The data:
__________________________________________________
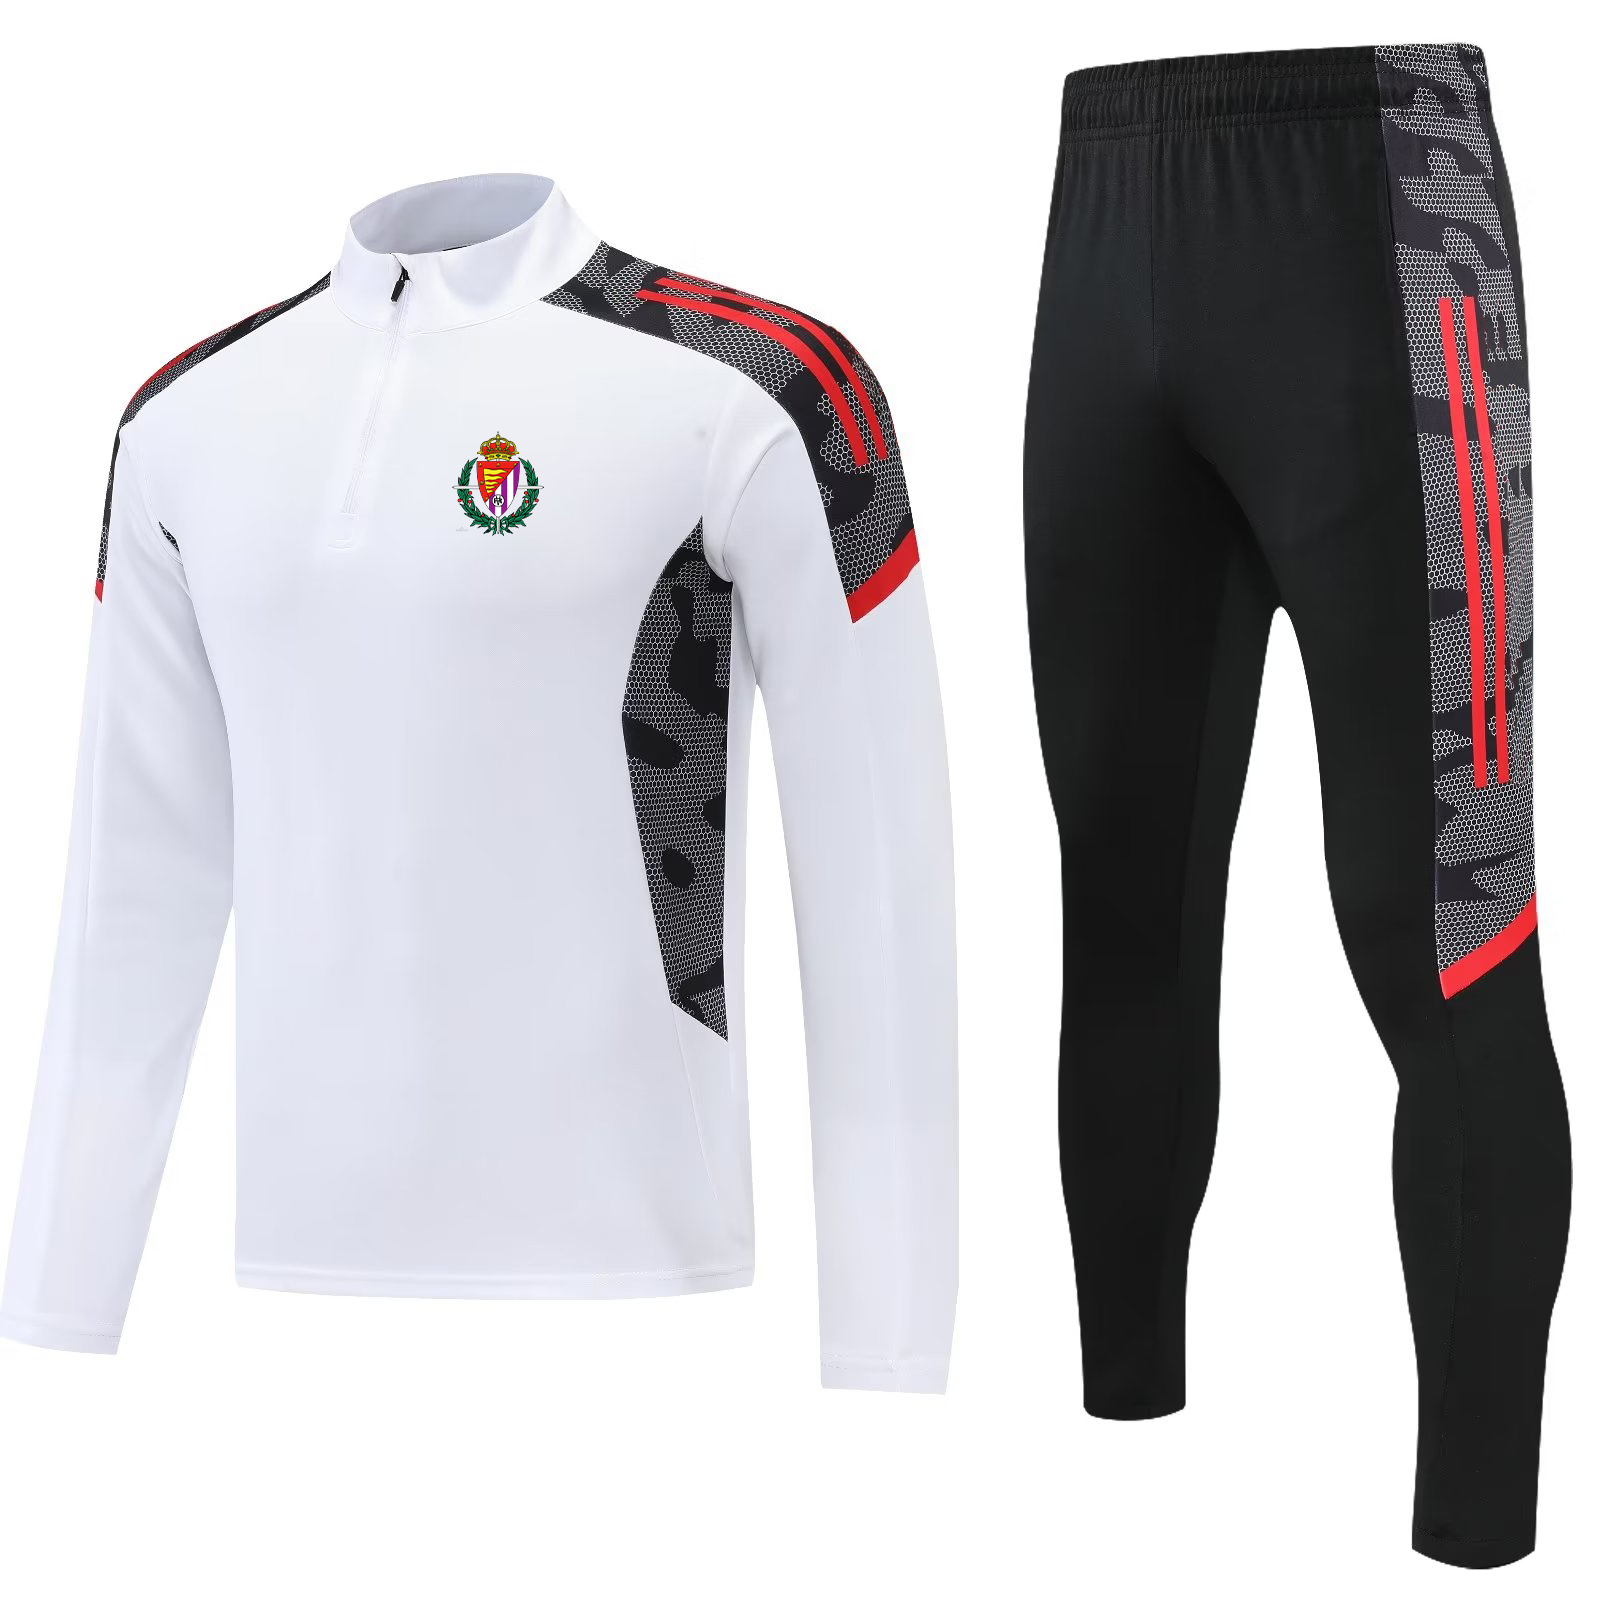 Real Valladolid Club de Futbol veste de survêtement pour hommes pantalons costumes d'entraînement de football vêtements de sport vêtements de Jogging adulte Tracksuts243O
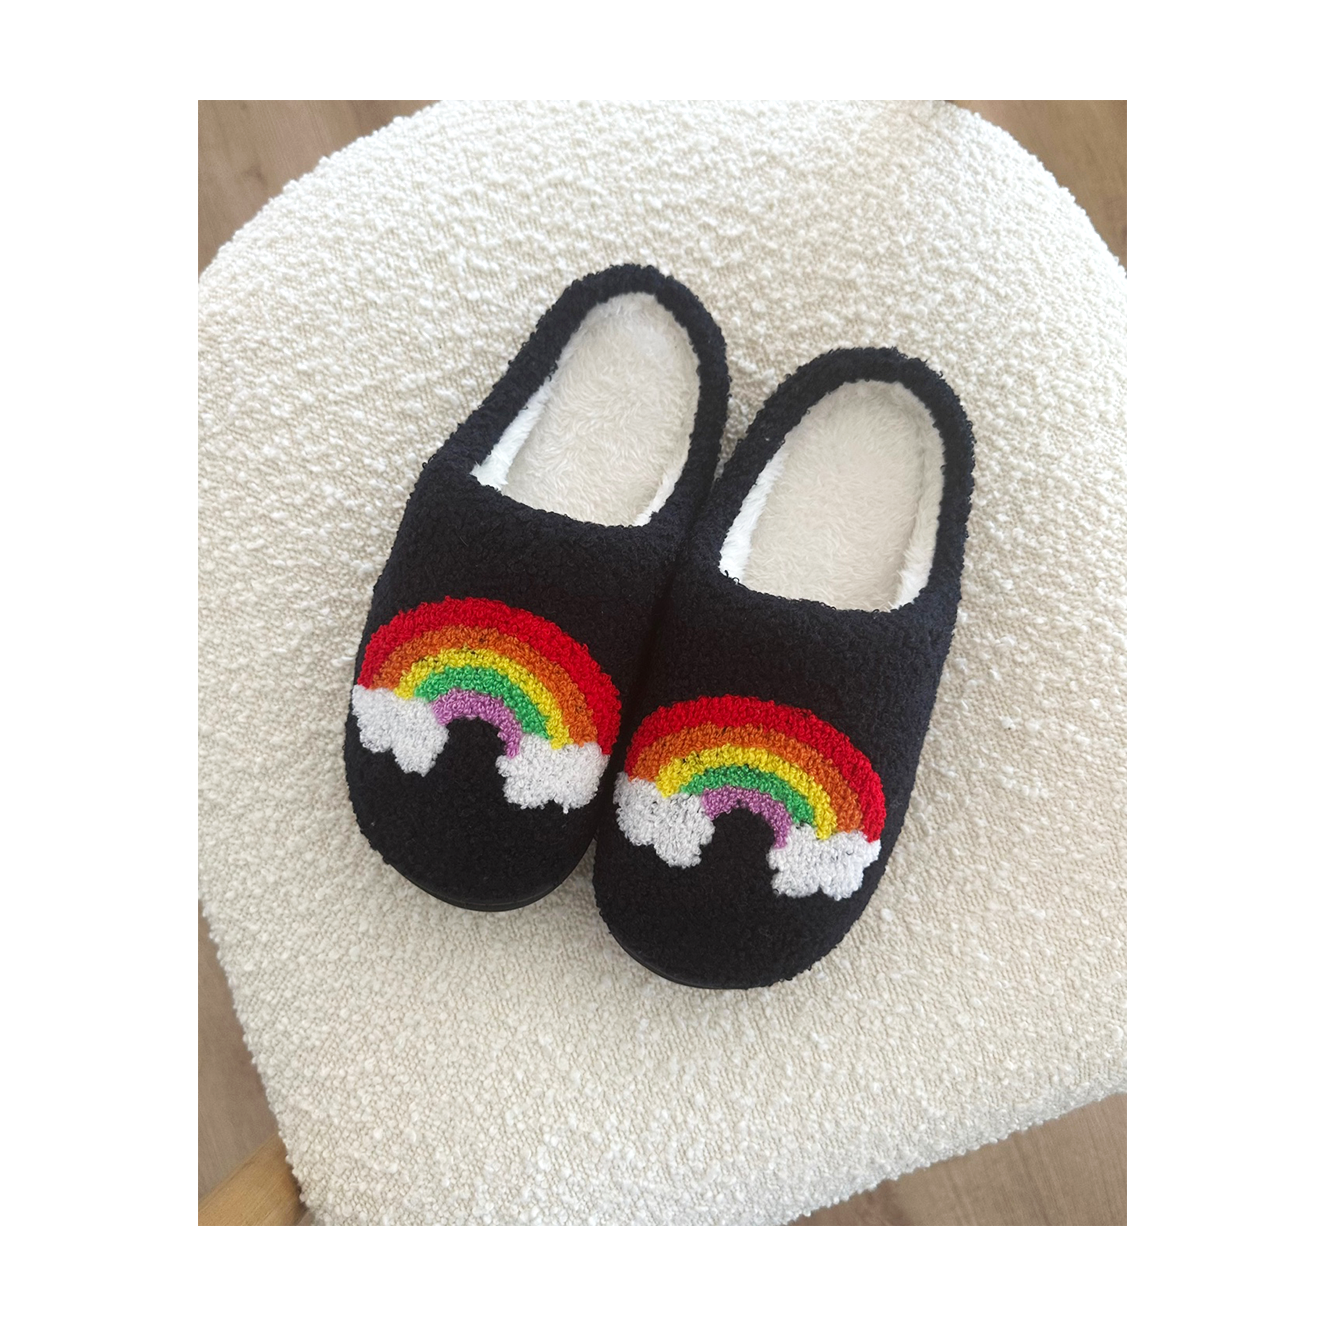 Cozy Rainbow Slippers
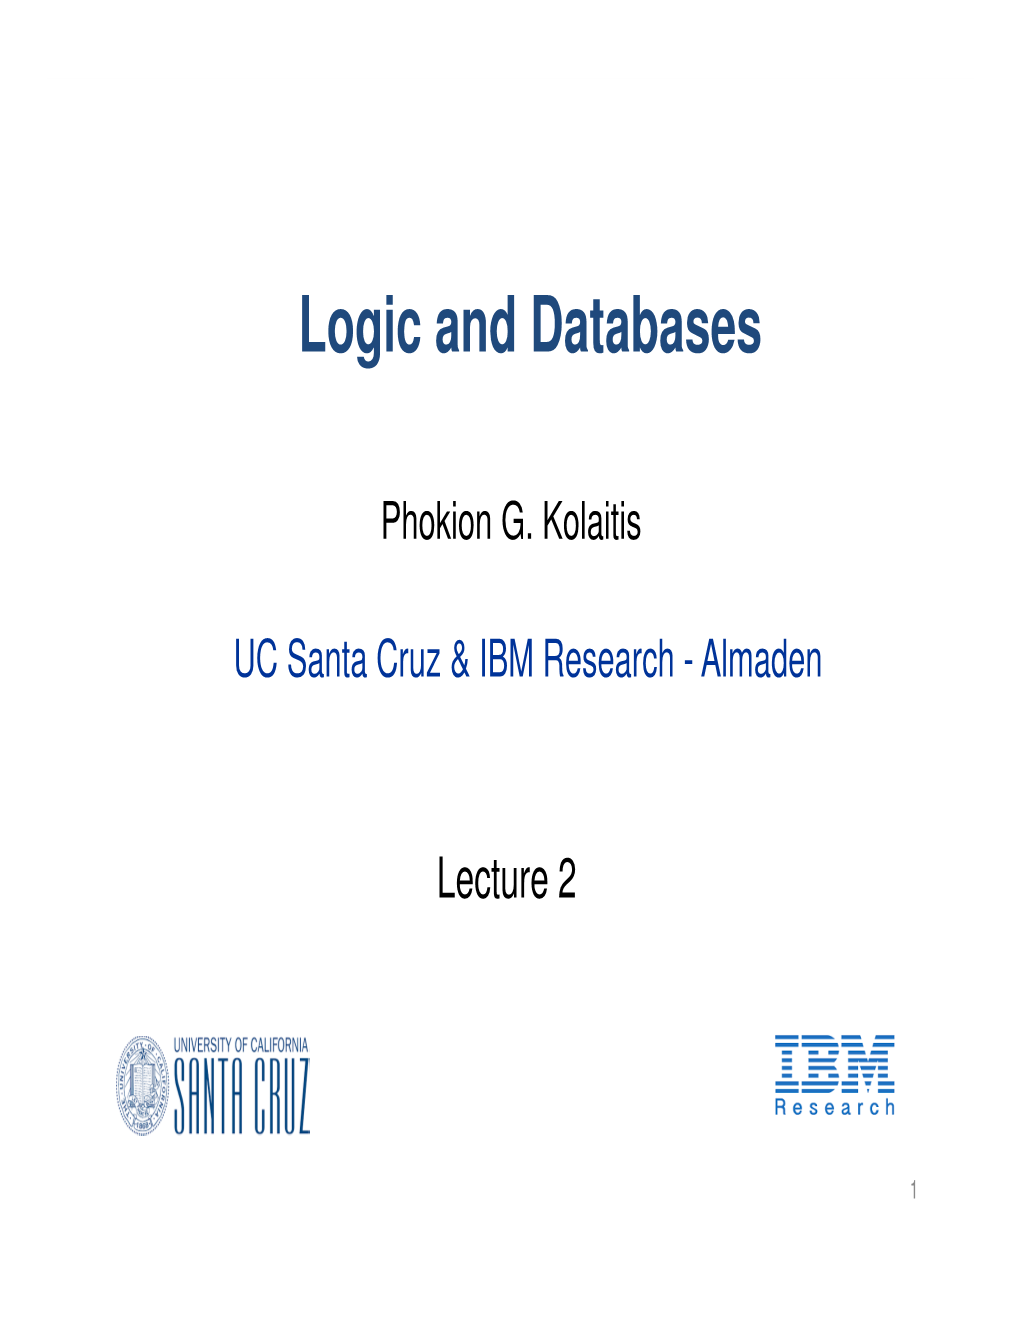 Logic and Databases II
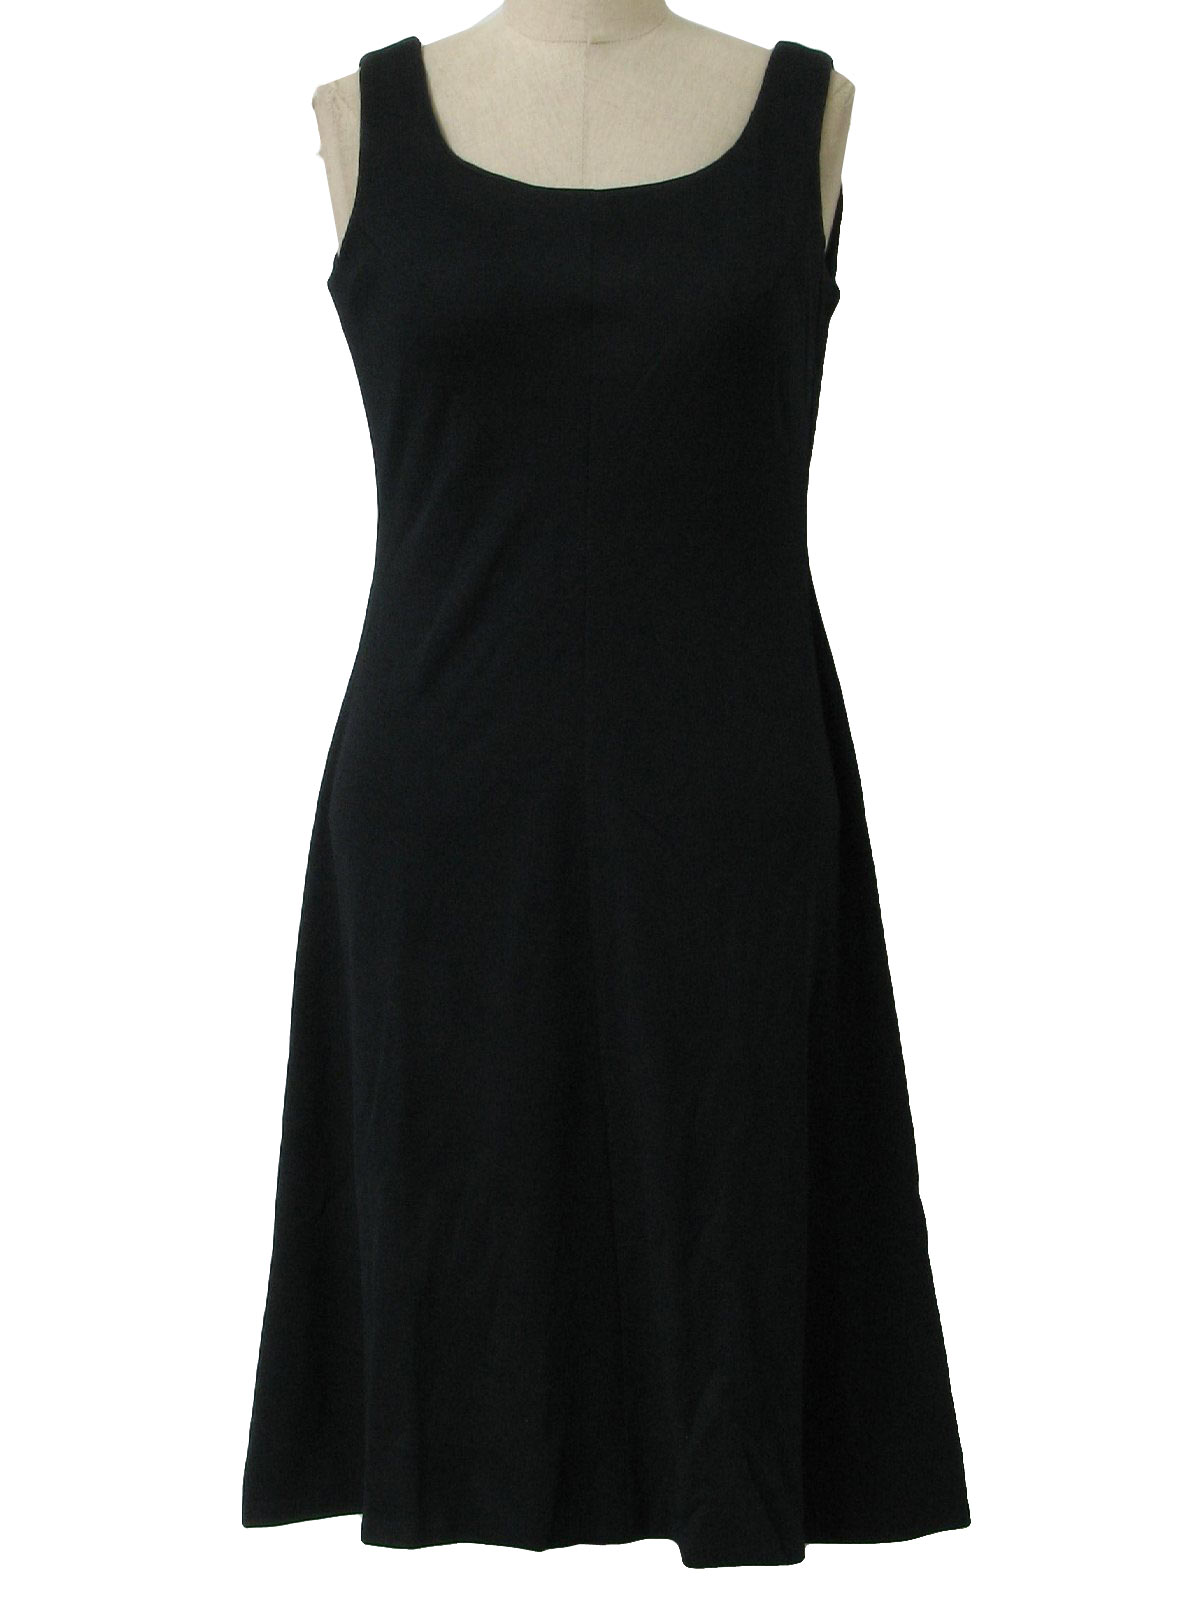 1970 s sears knit little black dress 70s sears womens black sleeveless ...
__________________________________________________
About this exercise:
Print the data word for word and omit the pictures.

Answer area:
 Real Valladolid Club de Futbol veste de survêtement pour hommes pantalons costumes d'entraînement de football vêtements de sport vêtements de Jogging adulte Tracksuts243O
 Cozy Rainbow Slippers
 Logic and Databases II
 1970 s sears knit little black dress 70s sears womens black sleeveless ...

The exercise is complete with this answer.